### Exercise
Copy exactly, and only, the lines between the start of the entries below and the line containing "3 US flags with", both inclusive. Omit pictures.
[[ Source data, beginning ]]
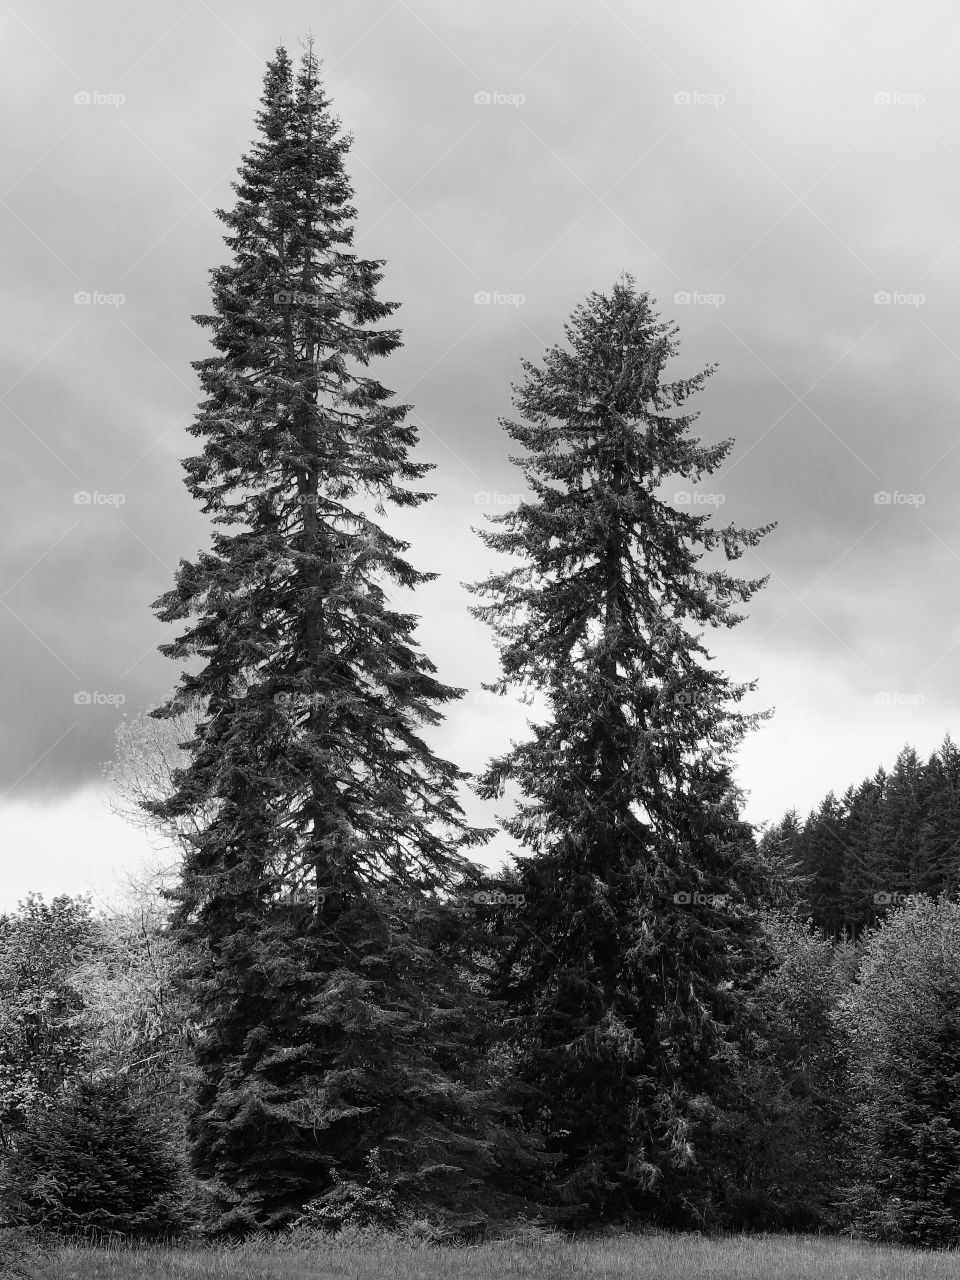 Two fir trees tower into a stormy sky
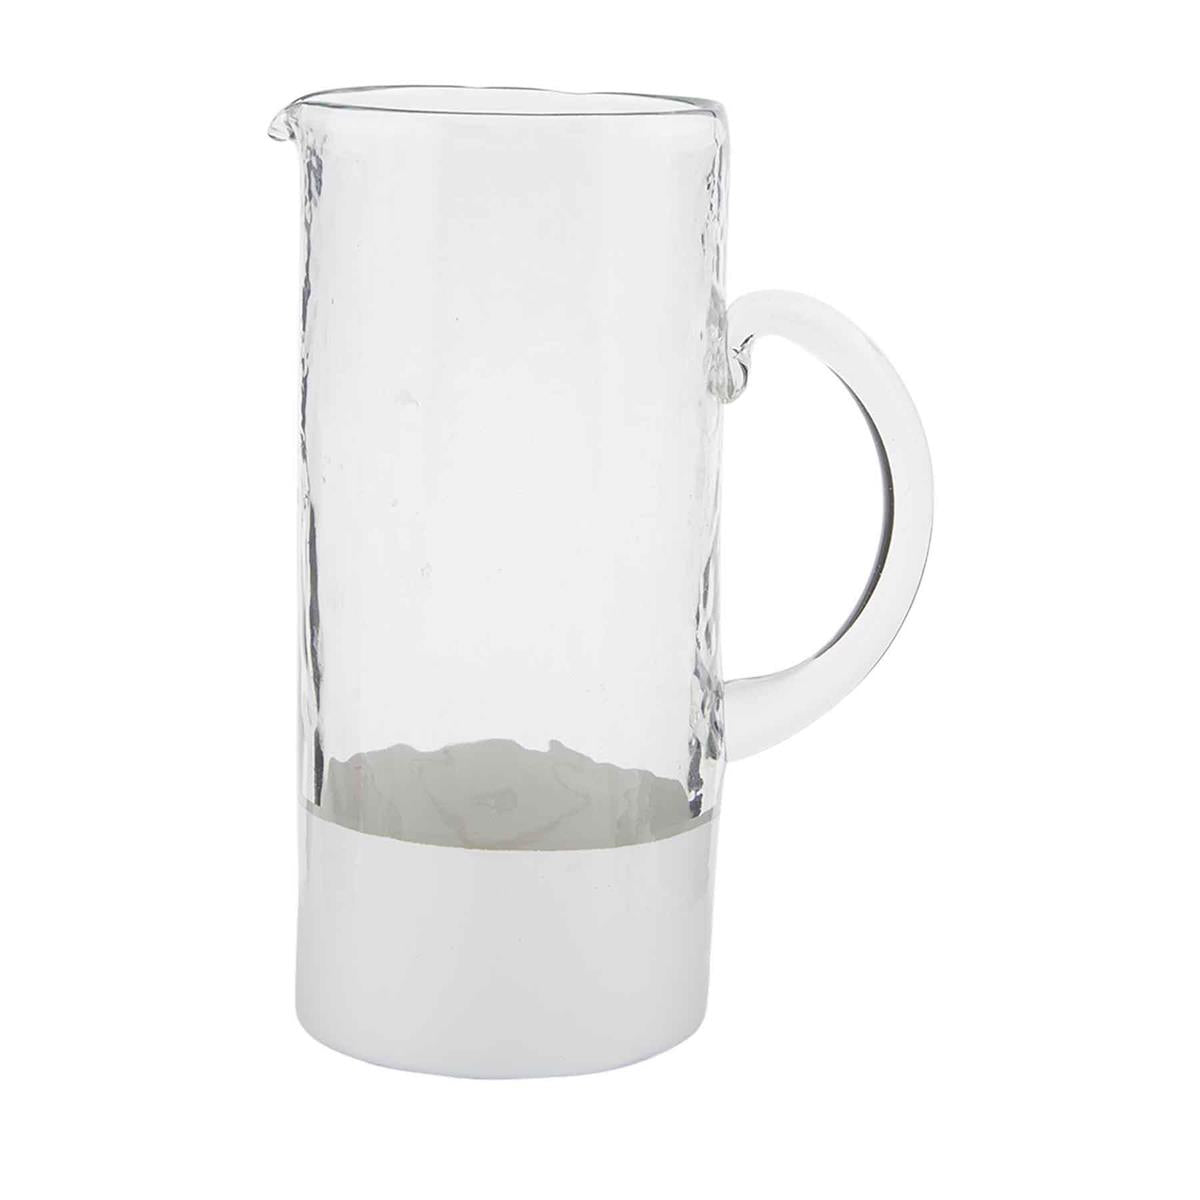 Two-Tone Glass Pitcher
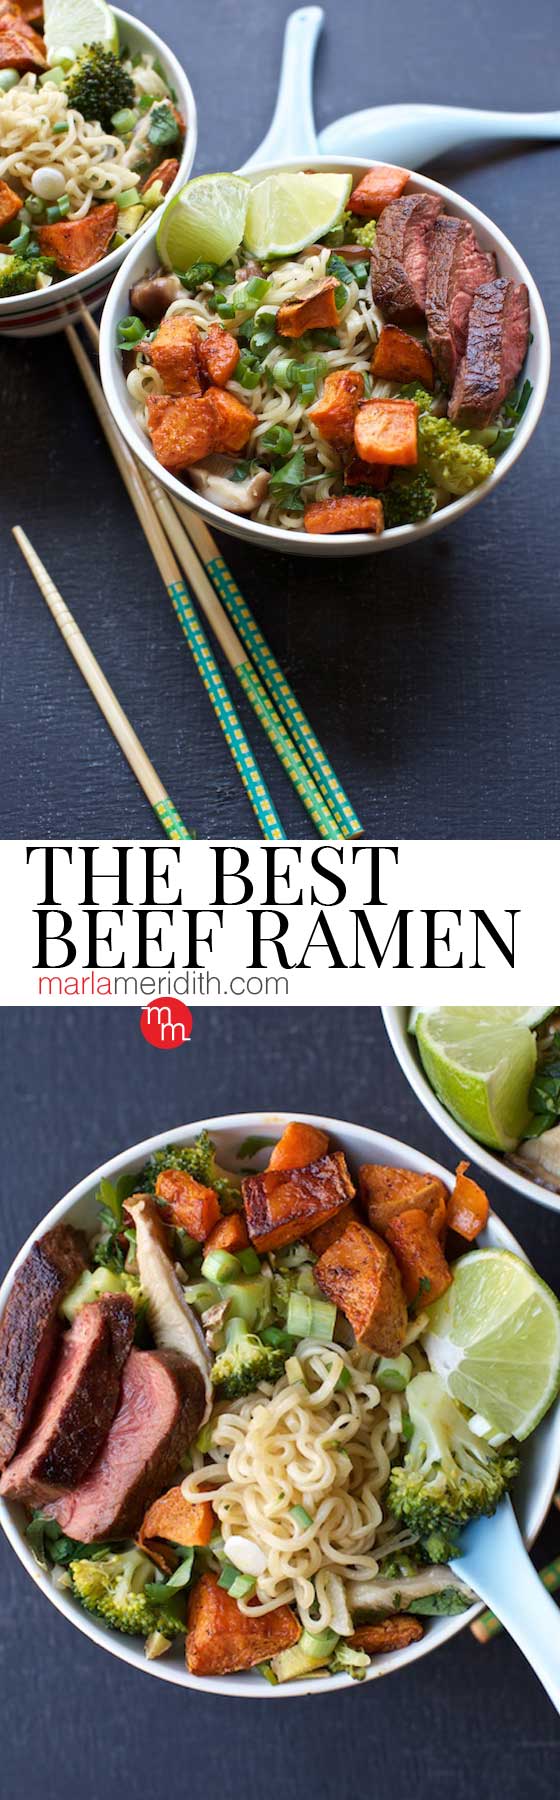 The Best Beef Ramen recipe that you will crave over & over again! MarlaMeridith.com #ramen #soup #recipe
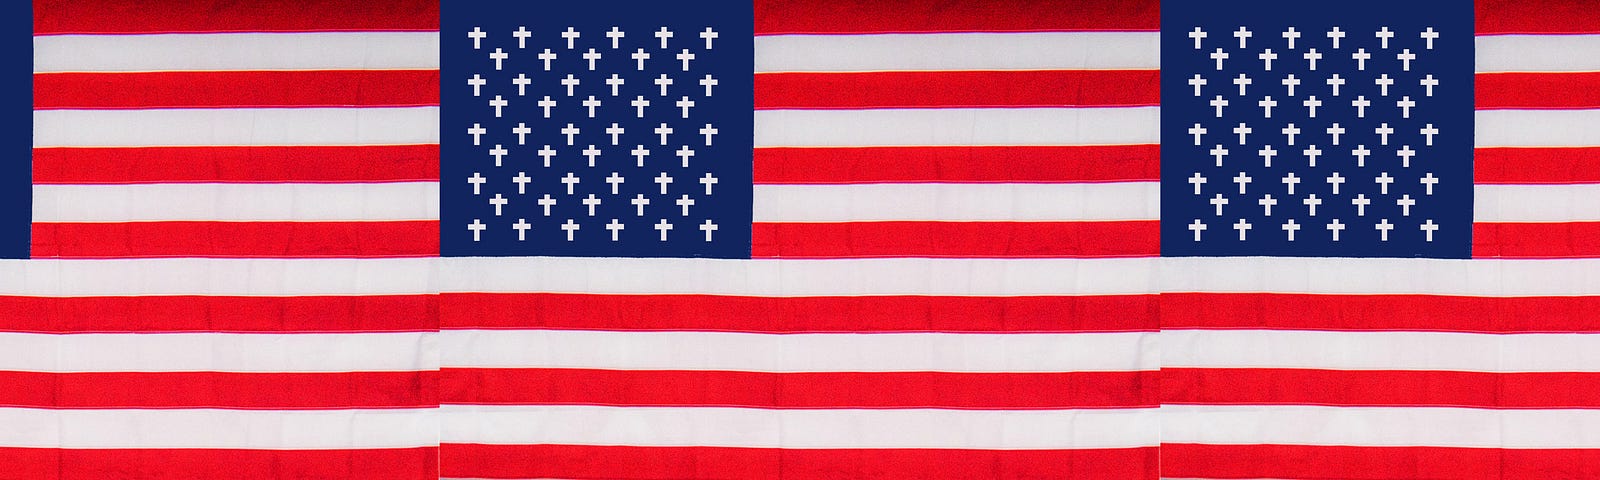 3 US flags with crosses substituted for stars
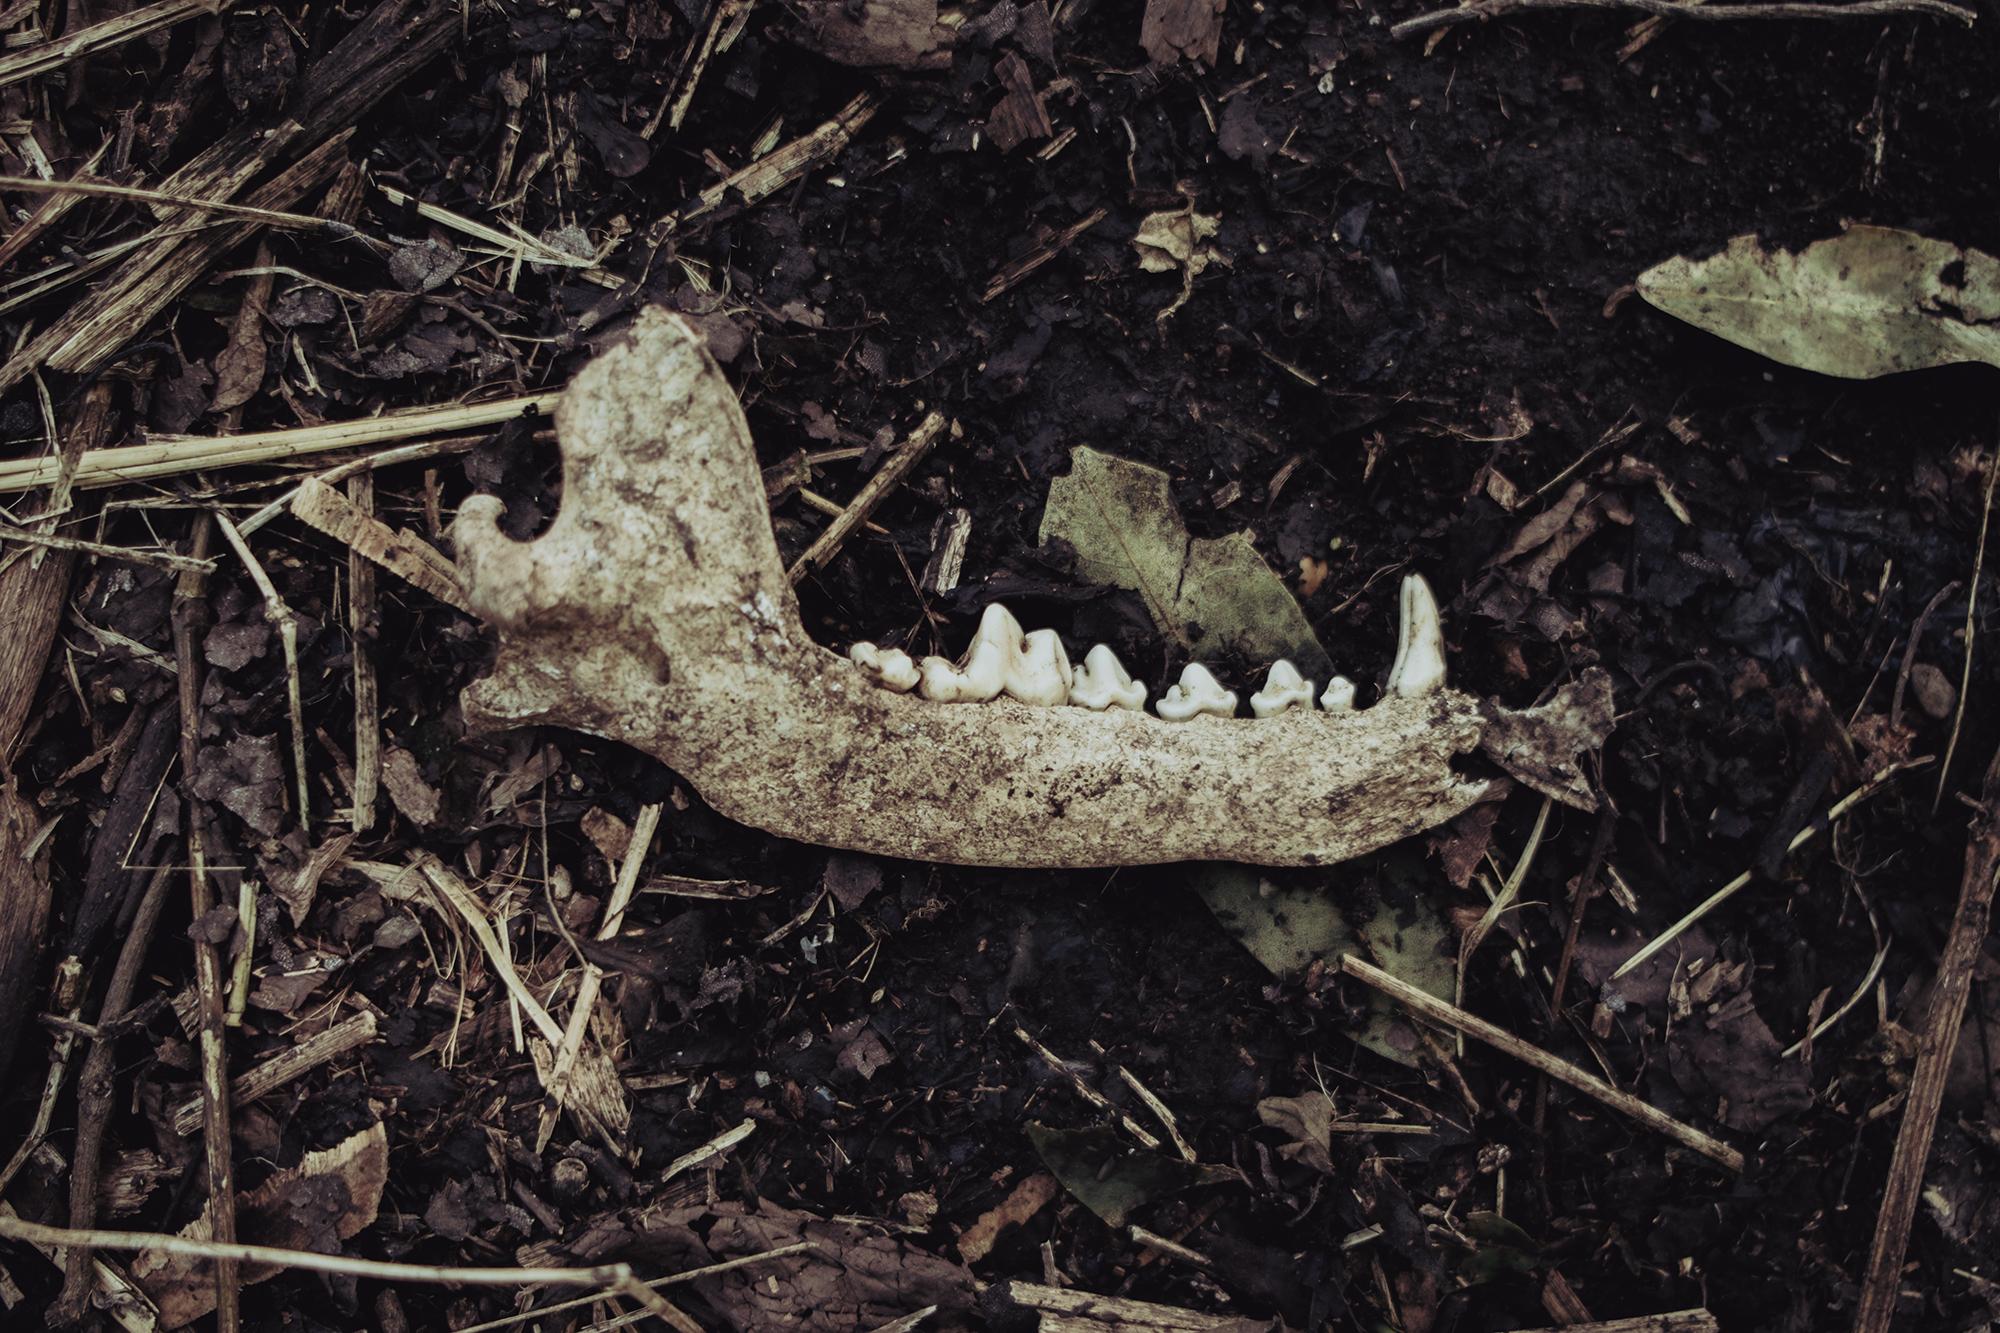 The area occupied by the 100 families was formerly an informal landfill where people from the city left their waste. The trash is still visible today along the outskirts of the community. Nestled between the tents was this jawbone. 
[[ Source data, end ]]
### Solution to the exercise
 Two fir trees tower into a stormy sky
 Two-Tone Glass Pitcher
 The Best Beef Ramen recipe that you will crave over & over again! MarlaMeridith.com #ramen #soup #recipe
 3 US flags with crosses substituted for stars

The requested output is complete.